Chapter 7: Energy
…Prior to 9/11, I was incredibly frustrated because I could see a “clear and present danger” to the United States but, despite my warnings and those of others, the U.S. government remained complacent until it was too late. The result was the death of three thousand innocent people in one day of attacks on two iconic American symbols. As horrendous as that was, it may someday seem less significant than the deaths from floods, the forced migration of millions, the spread of diseases, the dust bowls that were once fertile lands, all of which may be the result of the climate change that we are causing. And, as with 9/11, we were warned, told for years that climate change was happening. Those like Al Gore who told us what was coming were not merely ignored, they were mocked. Imagine their frustration. During critical years when something might have been done to stop climate change, we not only failed to act, we made it worse. When most of the world united to address the problem, the United States rejected the approach and failed to offer an effective alternative.
The “know-nothings” of climate change have contended for years that the science of climate change was uncertain or that global warming may actually be a good thing on balance. They were right about one thing, that there is uncertainty: we are uncertain about whether we have already passed the point of no return, whether cataclysmic climate change is now inevitable. On the chance that it is not too late to mitigate the damage, to make it less bad than it might otherwise be, we should embark on a national emergency program to reduce carbon emissions. Instead, today, our government continues to fail on the conjoined issues of energy policy and climate change. We are misdiagnosing the national security issues associated with oil, and we are far from a national emergency effort on climate change. We have a muddled, leaderless effort that will not significantly reduce carbon emissions in the foreseeable future. Future generations will likely regard the last decade’s activity, or lack of it, on climate change as the most important failure of government in human history. And the failure continues…
Because we do not have that precise knowledge, we seem to think it is acceptable to do little or nothing. If, however, we were told that a terrorist group was going to attack New York City or Florida sometime in the next few decades with a weapon that would flood the areas and make them uninhabitable, we would not hesitate to begin acting now. Yet climate change may have a greater effect in this century than any combination of major terrorist attacks or wars, causing population centers to disappear, millions of people to move, and the global balance of power to shift away from the United States…
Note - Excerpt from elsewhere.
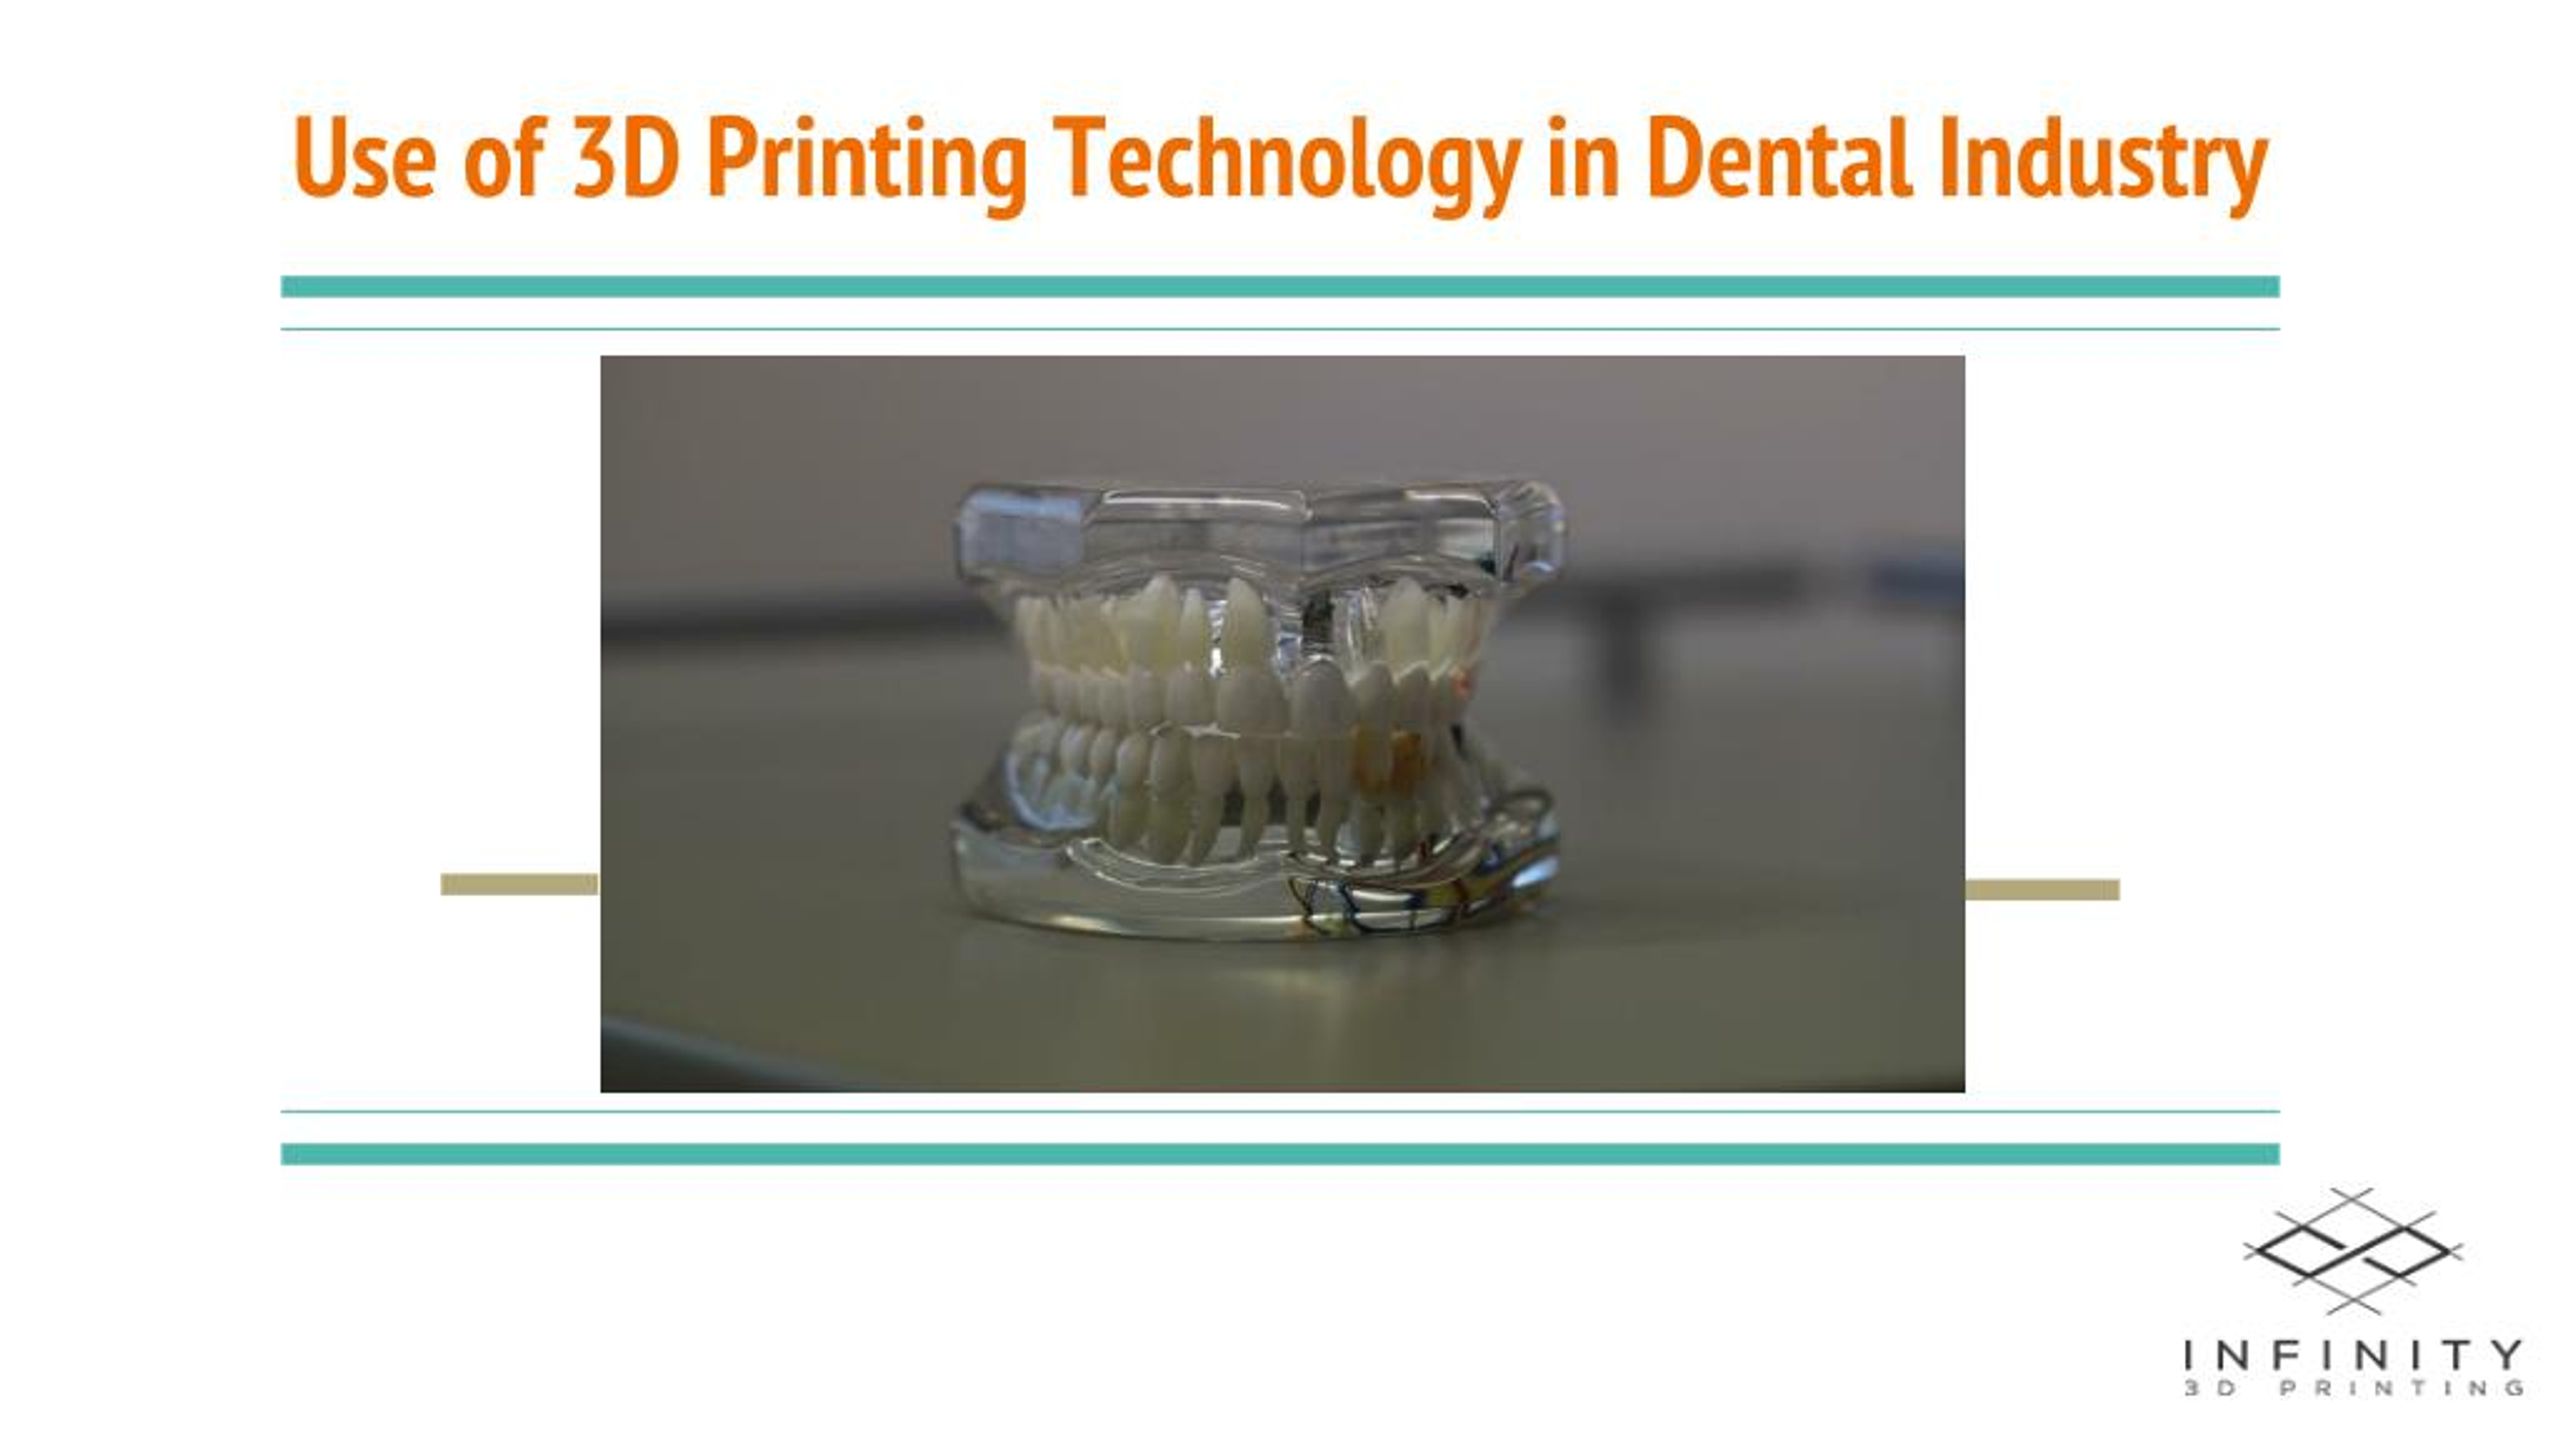 PPT - Use of 3D Printing Technology in Dental Industry PowerPoint

I have never really understood why some national security experts willingly accept the need to act on the basis of unquantifiable and remote threats from terrorists or the ballistic missiles of countries that do not yet have long-range systems, but at the same time ridicule the need to act against a threat that almost all reputable scientists say is real. In his book The One Percent Doctrine, Ron Suskind tells the tale of Vice President Cheney’s being willing to wage a fierce (and counterproductive, the way he waged it) war against Iraq and terrorism if there were just a 1 percent possibility of a terrorist nuclear weapon going off in the United States, perhaps destroying New York, on some unknown day in the future. “The United States must act now as if it were a certainty.” Well, there is a far greater risk than 1 percent of destruction occurring in all of our coastal cities over the lifetime of children alive today, not because of an enemy, but because of our own and other nations ignoring climate change.